E sull’altra vita, quella di Arcola, gli occhi chiusi e il cuore chiuso.
Tornavo là nelle vacanze e quando se ne presentava la necessità; e lì ogni
volta mi toccava ancora di assistere alla divisione dei miei; e, se pur ormai
marginalmente, anche a quella del paese. Ma io vivevo quei giorni con la
consapevolezza che la mia vita, la vita che avevo saputo realizzare, la mia
vittoria, era altrove.
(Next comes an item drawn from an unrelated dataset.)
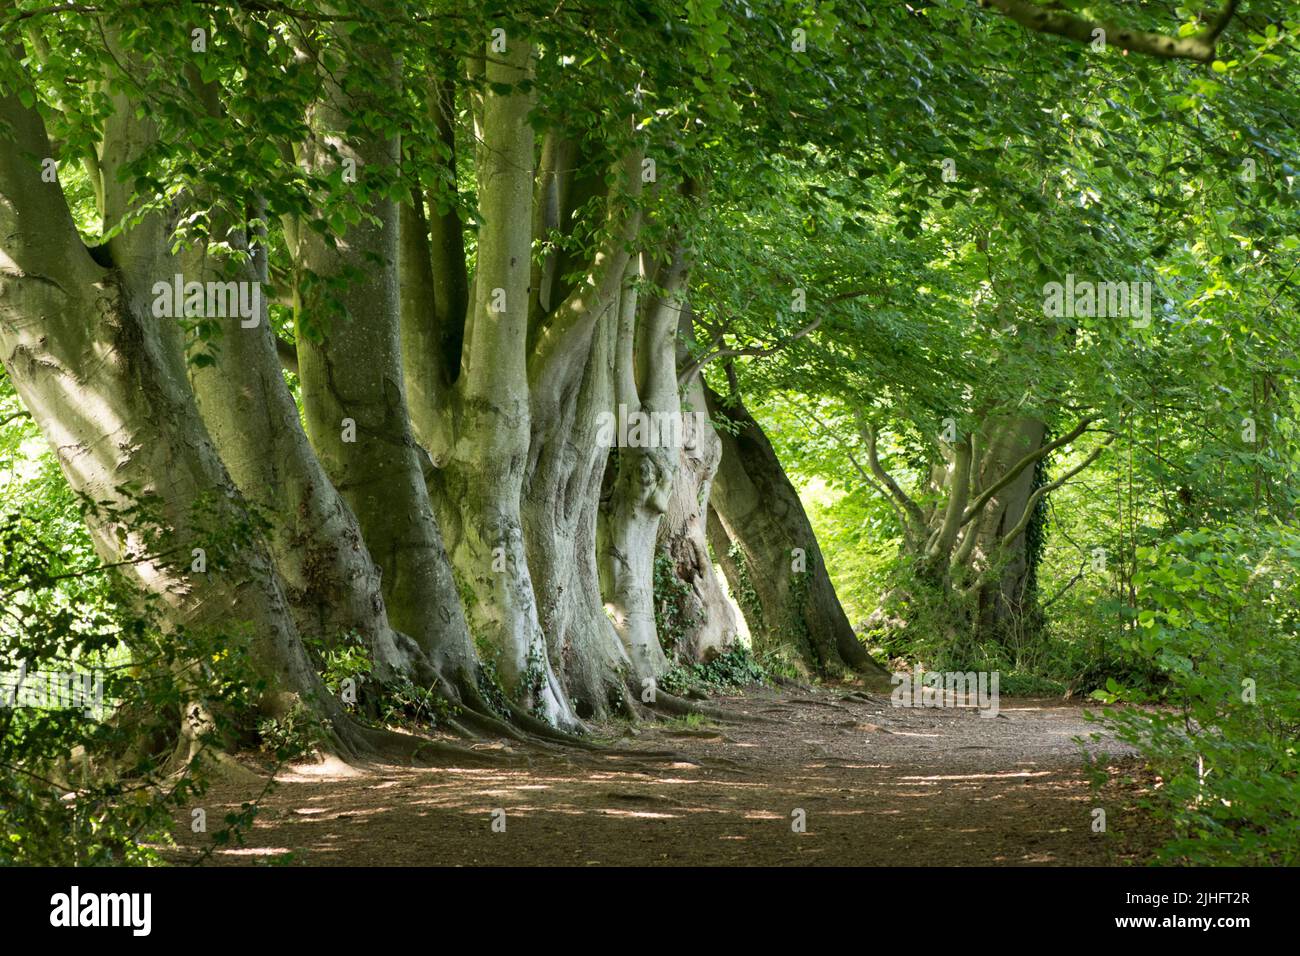 Hilera de haya común, Fagus sylvatica, troncos de árboles en una hilera, Norfolk, Junio Foto de stock

Quelli invece erano i residui, dolorosi ancora e insolubili,
ma residui, dell’antica sconfitta.
Poi tutto si spense con la morte improvvisa di mio padre, seguita da quella
dello zio Giacomino, a tredici giorni di distanza; e con la decisione di
vendere la casa e di far venire mia madre, ormai quasi cieca, da noi a
Montepulciano. Con tale decisione feci forzosamente interrompere anche l’altro
motivo di continui sobbollimenti: la querelle
tra mia madre e zia Elena; querelle che,
appena morto mio padre, era, per il momento, finita nel silenzio e nel gelo. ;
almeno tra loro due direttamente; ma che, rimanendo mia madre ad Arcola,
avrebbe potuto nuovamente riaccendersi.
La lontananza diede a tutti maggior quiete; ed io cercai di evitare ogni
occasione di rinvangare le cose passate. Come ho già detto, però mia madre,
come tutti gli anziani e anche per suo proprio carattere, in quel passato ci
viveva e spesso riapriva quelle ferite. Tuttavia la lontananza dal paese e il
mio atteggiamento volto a farle ricordare le cose belle e passare velocemente
sopra le altre, ci dettero quel tanto di pace che era necessario ad entrambe
per affrontare poi le pene, già vicine e reali, della sua vecchiaia e della sua
malattia; che purtroppo comportarono anche un riaccendersi di tutte le sue
passioni e di tutte le sue nostalgie. Per cui i rapporti con mia madre, da
vecchia e malata, visceralmente immersa nel suo passato, mi ripiombarono in
quel dolorosissimo tempo lontano; tanto che fui costretta e riesumarlo, e
riviverlo in tutta la sua crudezza e in seguito a raccontarlo.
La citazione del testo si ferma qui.